Fetal Programming of Intrauterine Growth Restricted Skeletal Muscle Stem Cell Function

Authors

Micah Most, University of Nebraska - LincolnFollow

Document Type

Thesis

Date of this Version

Fall 10-28-2019

Citation

Most, M. 2019. Fetal programming of intrauterine growth restricted skeletal muscle stem cell function. Undergraduate Honors Thesis. University of Nebraska-Lincoln.

Comments

Copyright Micah Most 2019

Abstract

Intrauterine growth restriction (IUGR) reduces skeletal muscle mass in fetuses and offspring.
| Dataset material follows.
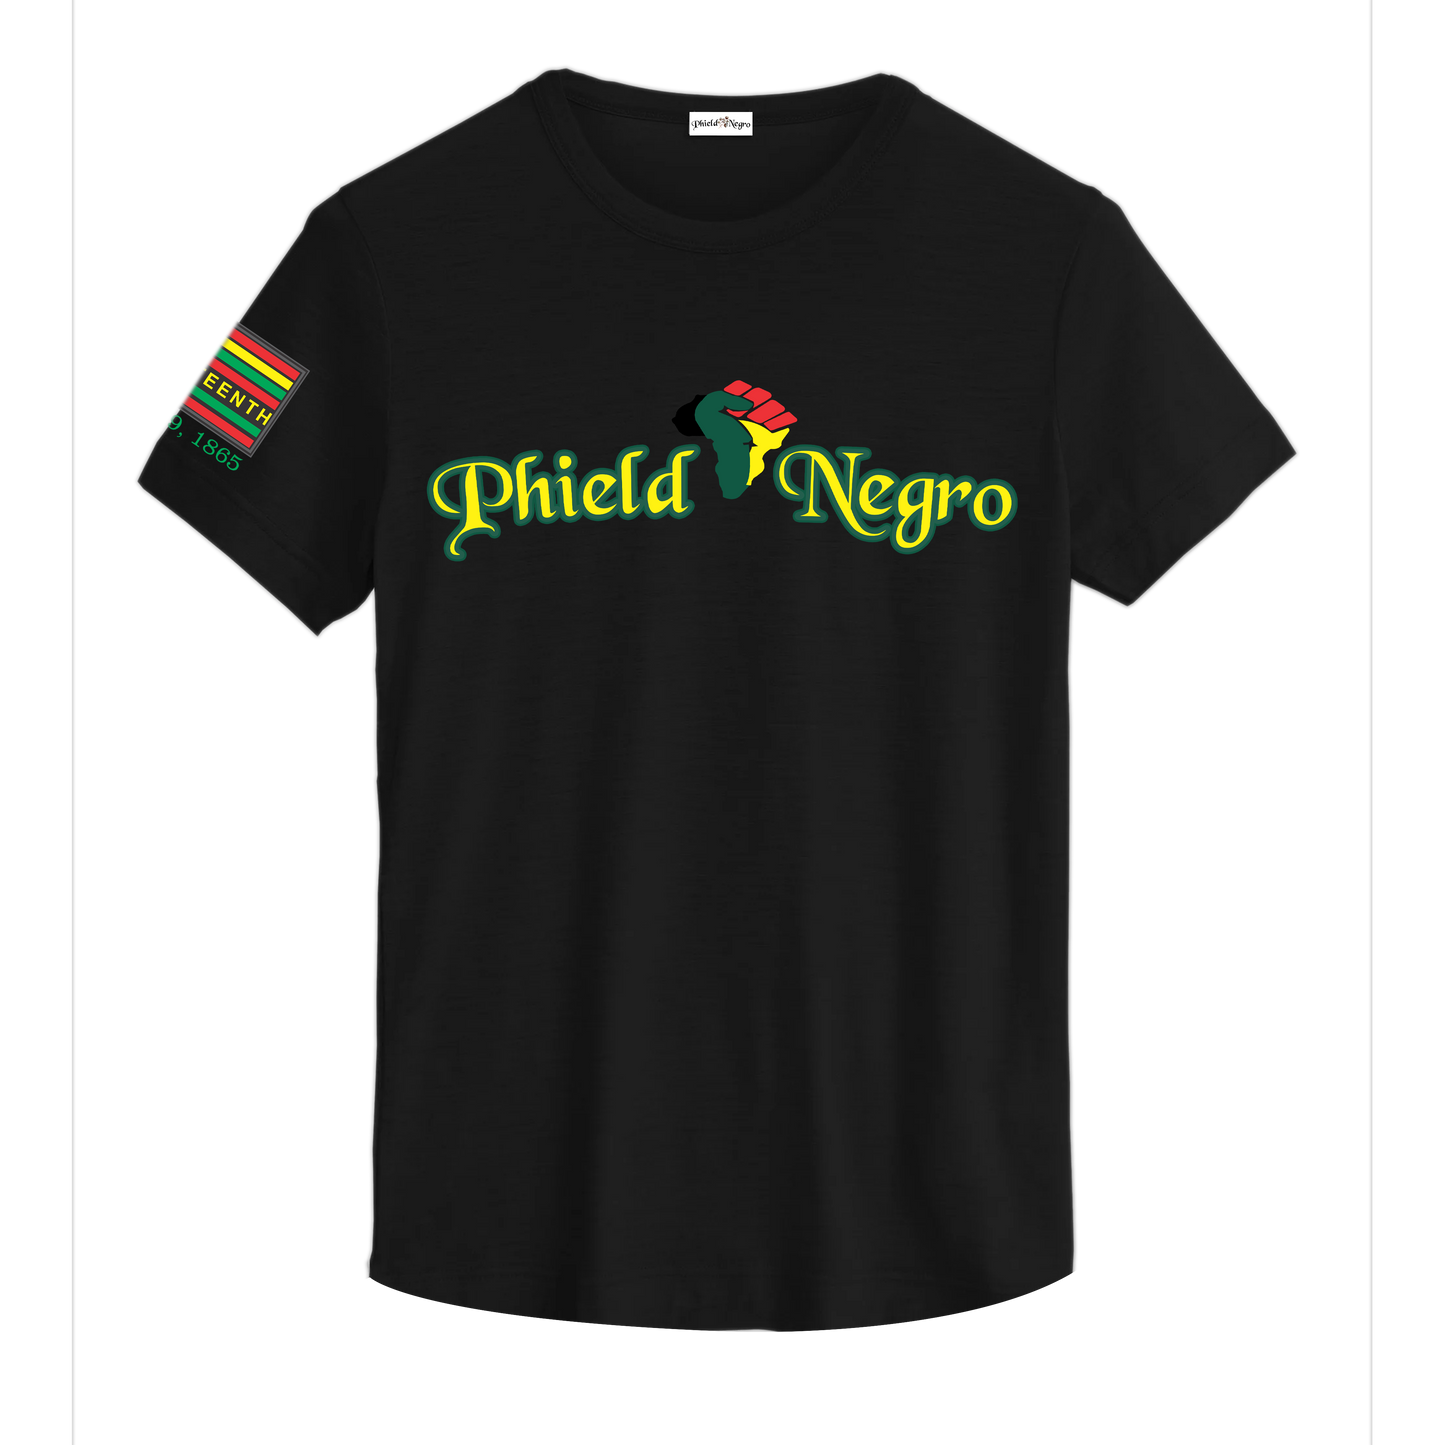 Juneteenth Tee Shirt  - Premium Phield Negro - Juneteenth Edition Black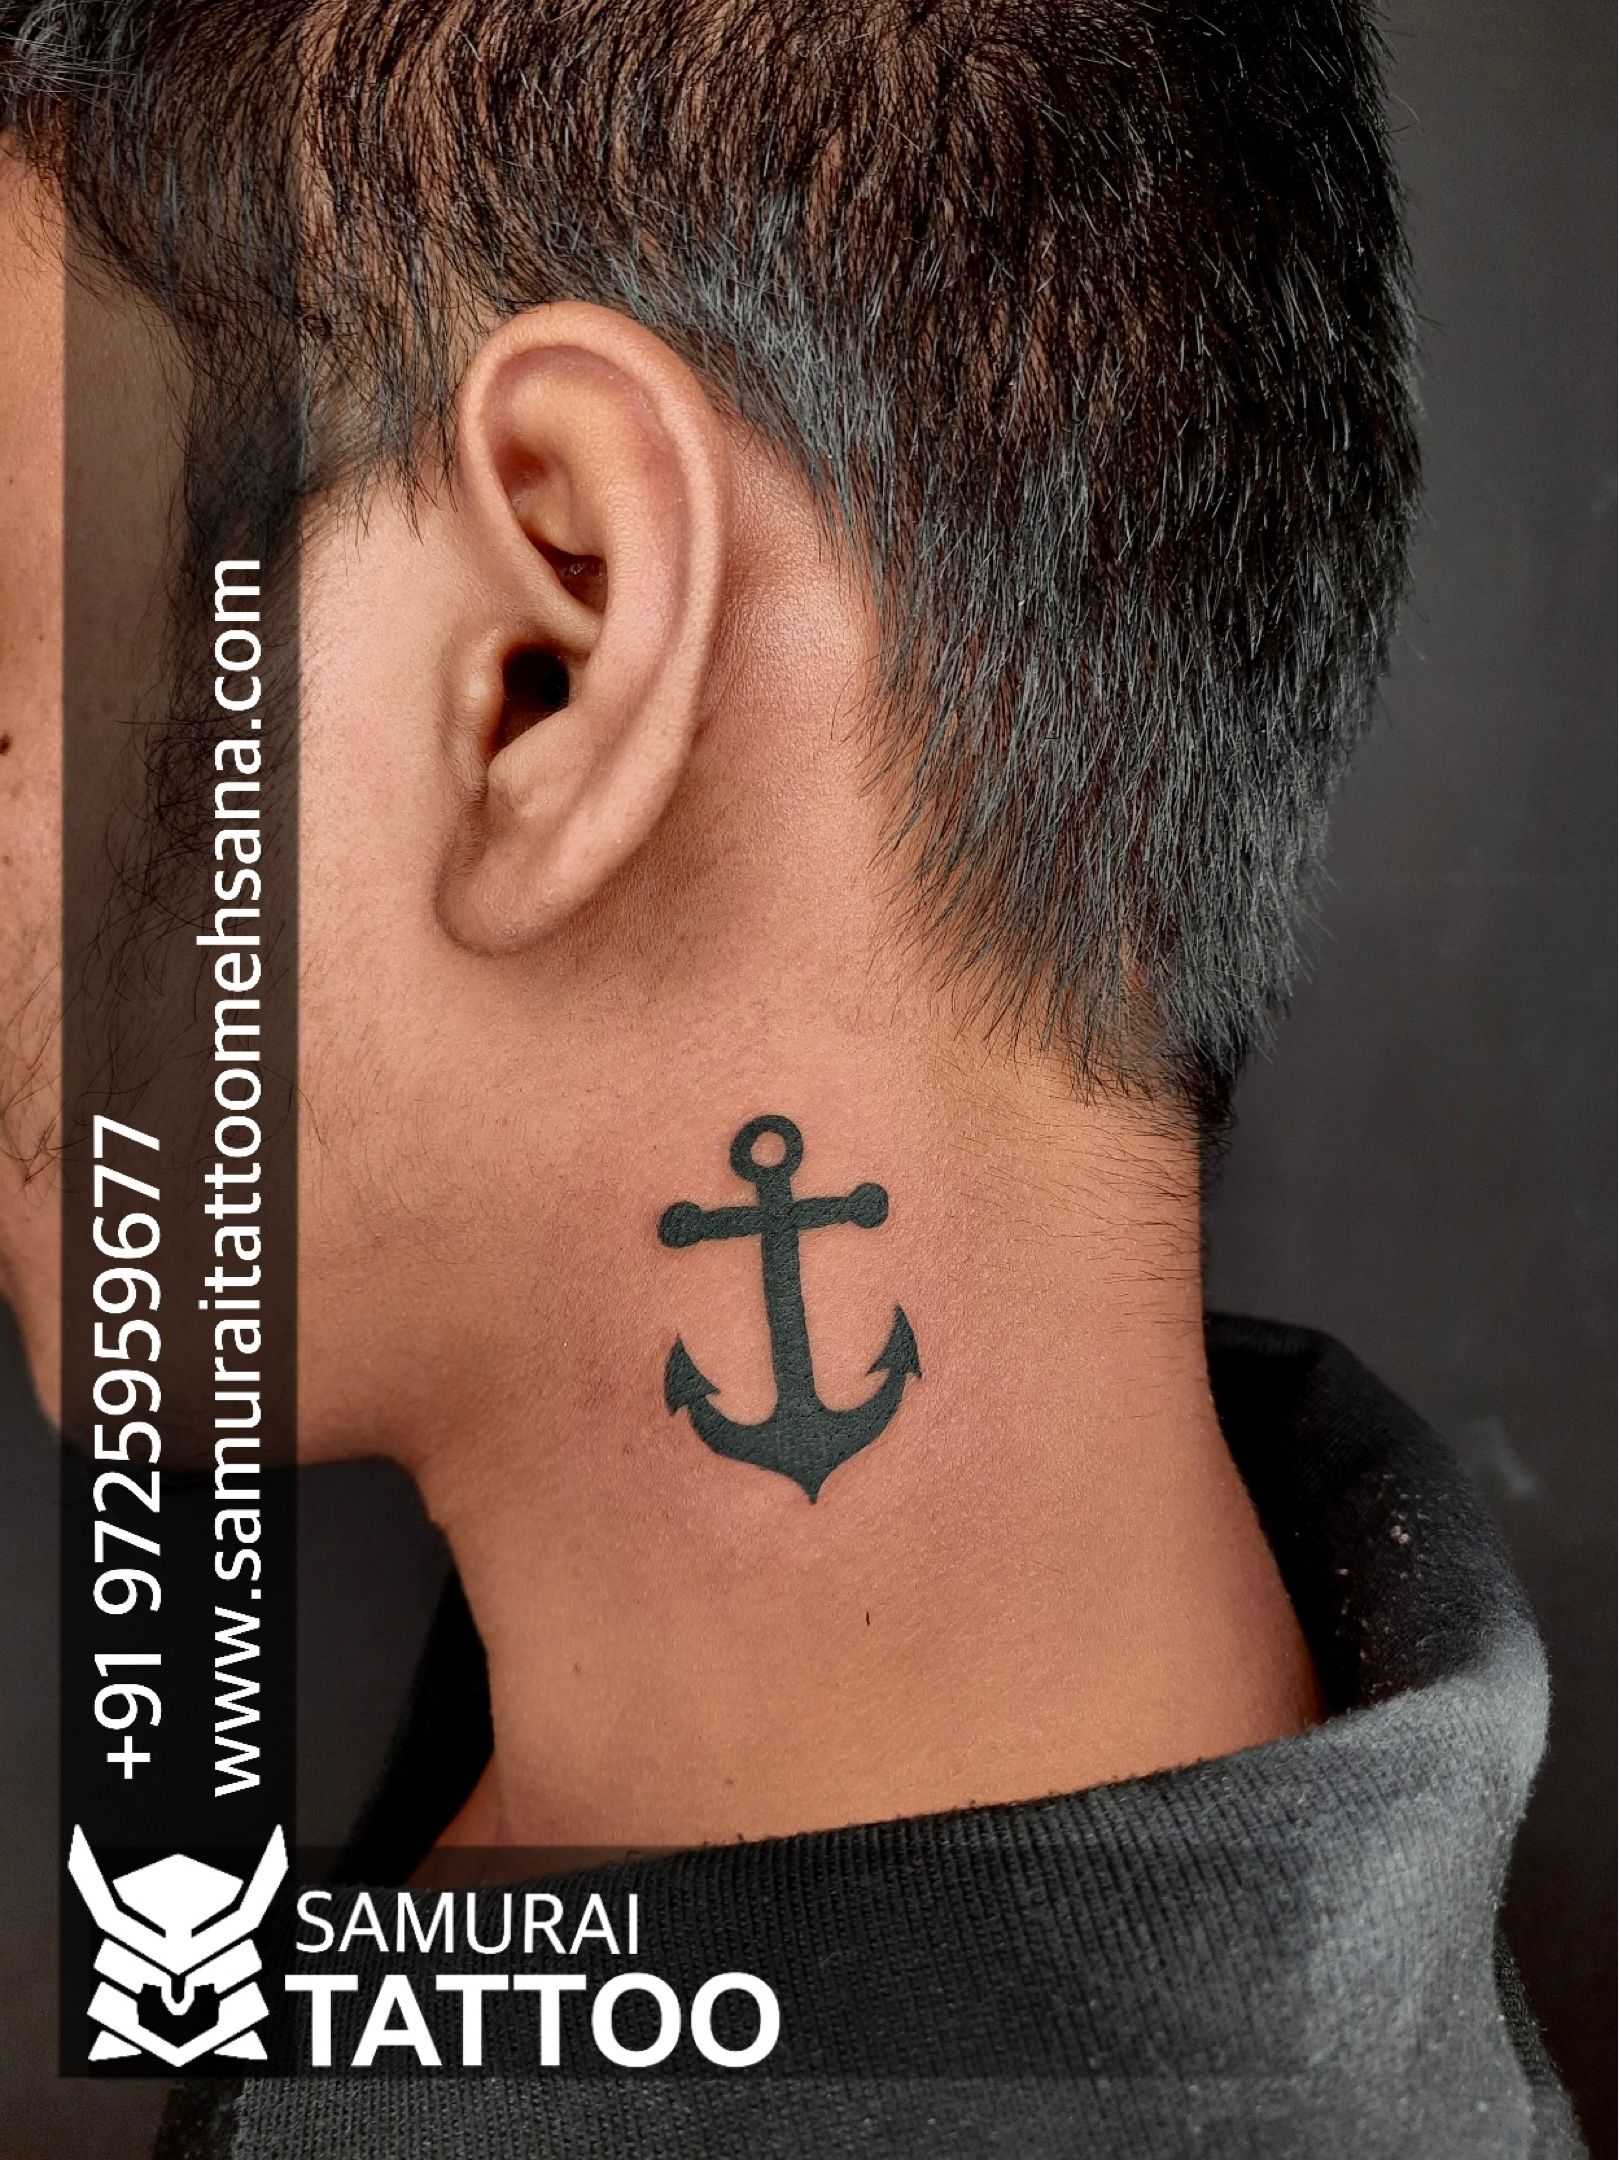 Tattoo uploaded by Vipul Chaudhary • Anchore tattoo |Anchore tattoo design  |Anchore tattoo idea |tattoo for boys |Neck tattoo • Tattoodo

The objective of this study was to determine if myoblasts (skeletal muscle stem cells) from maternal inflammation induced intrauterine growth-restricted (MI-IUGR) fetuses are less responsive to proliferation-stimulating factors in culture. Ovine MI-IUGR fetal myoblasts were isolated at 125 days of gestational age (dGA, term = 150 dGA), grown for 72 hours in complete growth media spiked with insulin, tumor necrosis factor α (TNFα), or unspiked (basal), and analyzed for ex vivo proliferative capacity via a 2 hour EdU pulse. A second set of myoblasts were differentiated in differentiation media (2% fetal bovine serum) for 96 hours. MI-IUGR reduced (p < 0.05) fetal weight by ~22% at 125dGA compared to controls. No interacting effects of experimental group x media condition were observed for proliferation or differentiation rates. MI-IUGR increased (p < 0.05) myoblast ex vivo proliferation rates relative to controls independent of media condition. Incubation with insulin increased (p < 0.05) ex vivo myoblast proliferation rates independent of experimental group. No differences in proliferation rates were observed in media spiked with TNFα compared to basal media. The response to insulin and the lack of response to TNFα for proliferation indicate that fetal myoblast proliferation is not responsive to the effects of cytokines during this stage of development. MI-IUGR myoblasts exhibited diminished (p < 0.05) biomarkers for ex vivo differentiation rates. The early differentiation marker, myogenin, was present in fewer (p < 0.06) MI-IUGR myoblasts following 4d differentiation relative to controls; the late differentiation marker, desmin, was also expressed by fewer (p < 0.05) MI-IUGR myoblasts relative to controls regardless of media condition. Fewer cells (p < 0.05) cultured in TNFα-spiked media stained positive for desmin relative to basal and insulin media treatments, regardless of experimental group, indicating that myoblast differentiation is responsive to cytokines at the fetal stage. Based on these findings, we conclude that MI-IUGR creates intrinsic fetal myoblast dysfunction that interferes with their ability to exit the cell cycle (proceed from proliferation to differentiation), which results in their reduced capacity to facilitate muscle growth.